What is 'Financial Markets'?
We may find many definitions of financial markets, but to understand the concept easily and comfortable, I will sum up the definition of financial markets in the easiest possible way. The definition may be termed as:
"Financial Markets are generally known as a market where financial securities or/and assets are bought and sold by the buyers and sellers respectively."
Instruments of Financial Markets:
Financial instruments are those securities/items that are being sold in the financial markets. Some of the common financial instruments used in the financial markets are:
- Treasury Bills (T-Bills)
- Commercial Papers
- Certificate of Deposits
- Repurchase Agreements
- Call Loans
Types of Financial Markets:
After having the basic knowledge about the definition of financial markets and financial markets instruments, let's have a look at the 'Types of Financial Markets'.

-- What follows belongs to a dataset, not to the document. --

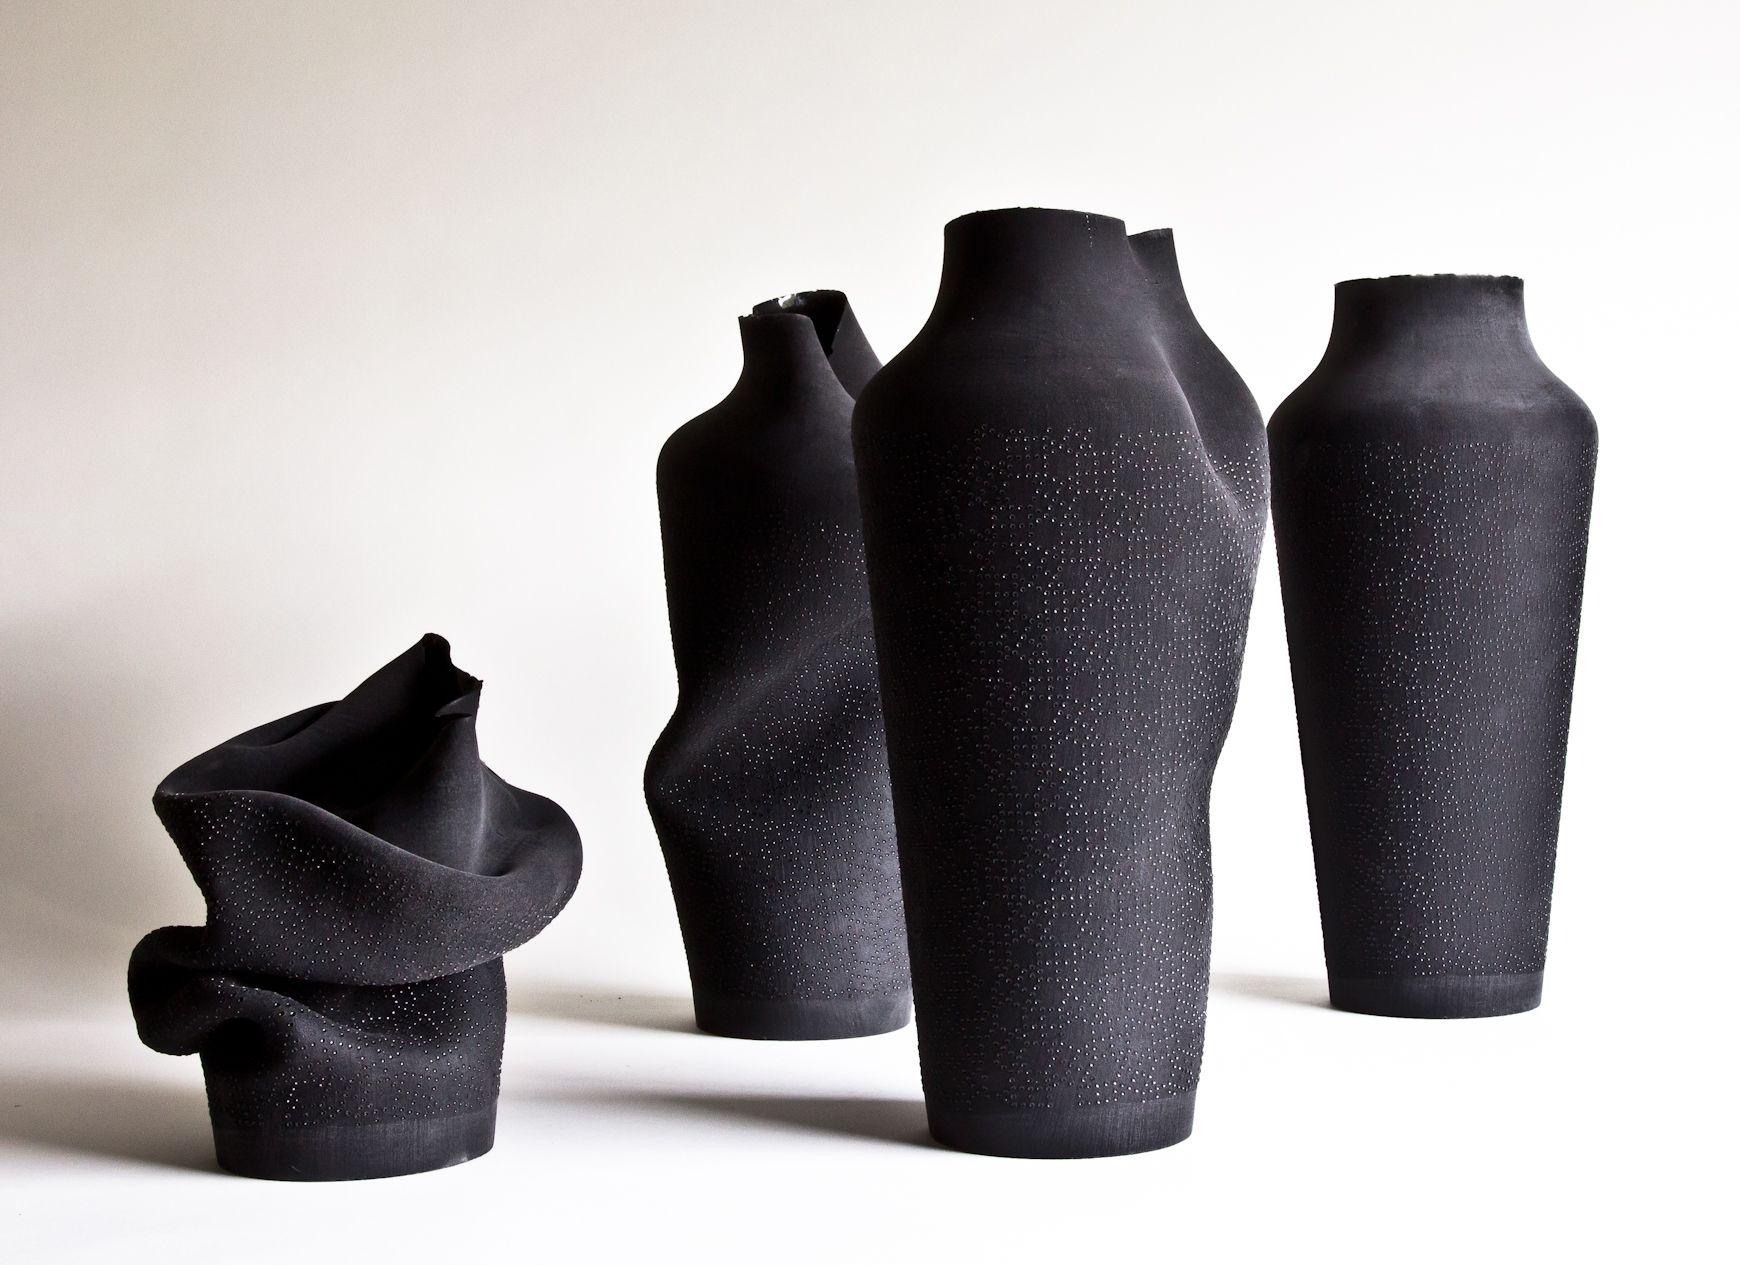 Birgit Severin, Ashes vases
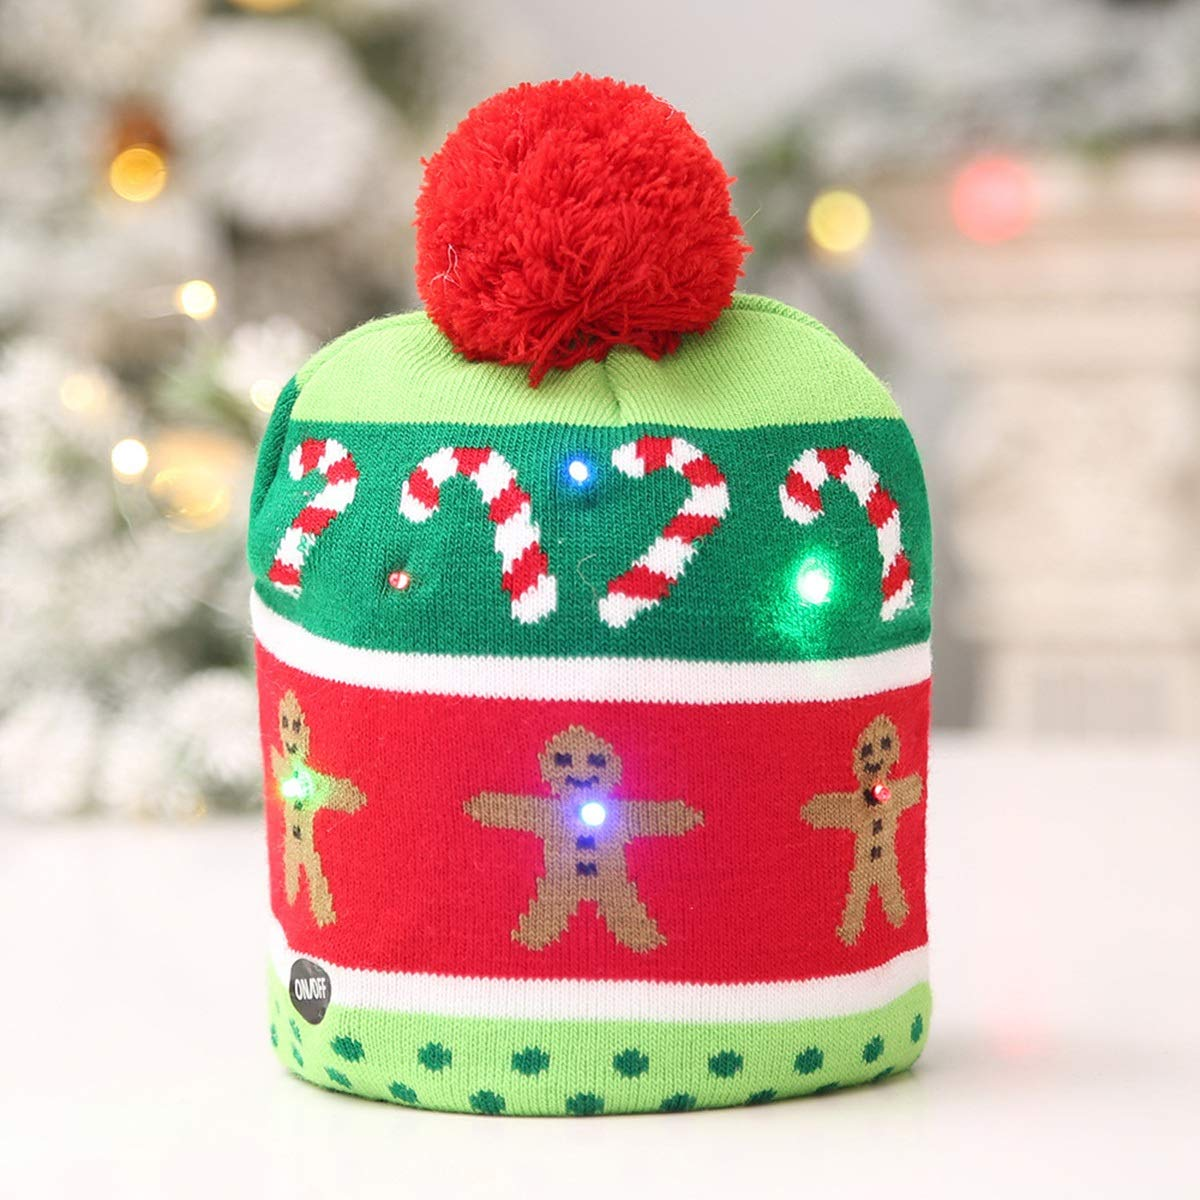 Precioso Sombrero navideño Gorras LED Papá Noel Copo de Nieve ...

Financial markets are divided into two major categories:
1. MONEY MARKET
2. CAPITAL MARKET
We can have a detailed look, in each of these components of financial market, as under:
1. MONEY MARKET:
The market for short-term debt instruments maturing in one year or less is known as “Money Market”.
1.1) Instruments of Money Market:
Following are some commonly used financial instruments used in money market.
- Commercial Papers
- Treasury Bills
- Certificate of Deposit
- Call Loans
- Repurchase Agreement (REPO)
1.2) Parallel Money Markets:
Some of the parallel money markets are listed as under:
- The inter-bank market which is a source to obtain wholesale loans from one bank to another)
- The market for certificates of deposit.
- The inter-companies deposit market by which short-term loans can be arranged through the market by one company for another)
- The foreign currencies market which deals in foreign currencies deposited short term
- Finance house market which facilitates short-term borrowing to finance hire purchase agreements.
1.3) Uses of Money Market:
Some of the most common uses of money market are:
- A money market provides the lenders a well organized place for dealings in monetary assets and satisfying the short-term requirements of borrowers as well.
- A short-term money market provides a medium for the redistribution of loan able funds among banks.
- The money market provides a mean of meeting short-term financing requirements for the government also.
- Specialized credit institutions also lend a portion of their surplus funds as call-loans.
Now we will have a look at 'Capital Market'
2. CAPITAL MARKET:
The market for trading long-term instruments (those that mature in more than one year) is known as a “Capital Market”.
Capital markets can further be subdivided into two sections:
(i). Primary Market
(ii). Secondary Market
2.1) Instruments of Capital Market:
Some of the most commonly used instruments of capital market are listed below:
- Treasury Notes
2.2) Uses and Importance of Capital Markets:
- The existence of an organized capital market is absolutely necessary to encourage and mobilize savings and to introduce profitable avenues of investment so that capital formation can be promoted to country.
- Businesses often raise their fixed capital from capital market through issue of shares.
- The government and local authorities also borrow long term finance from capital market.
- Issuance of bonds and debentures are an integral part of monetary policy of any economy which is carried effectively through capital markets.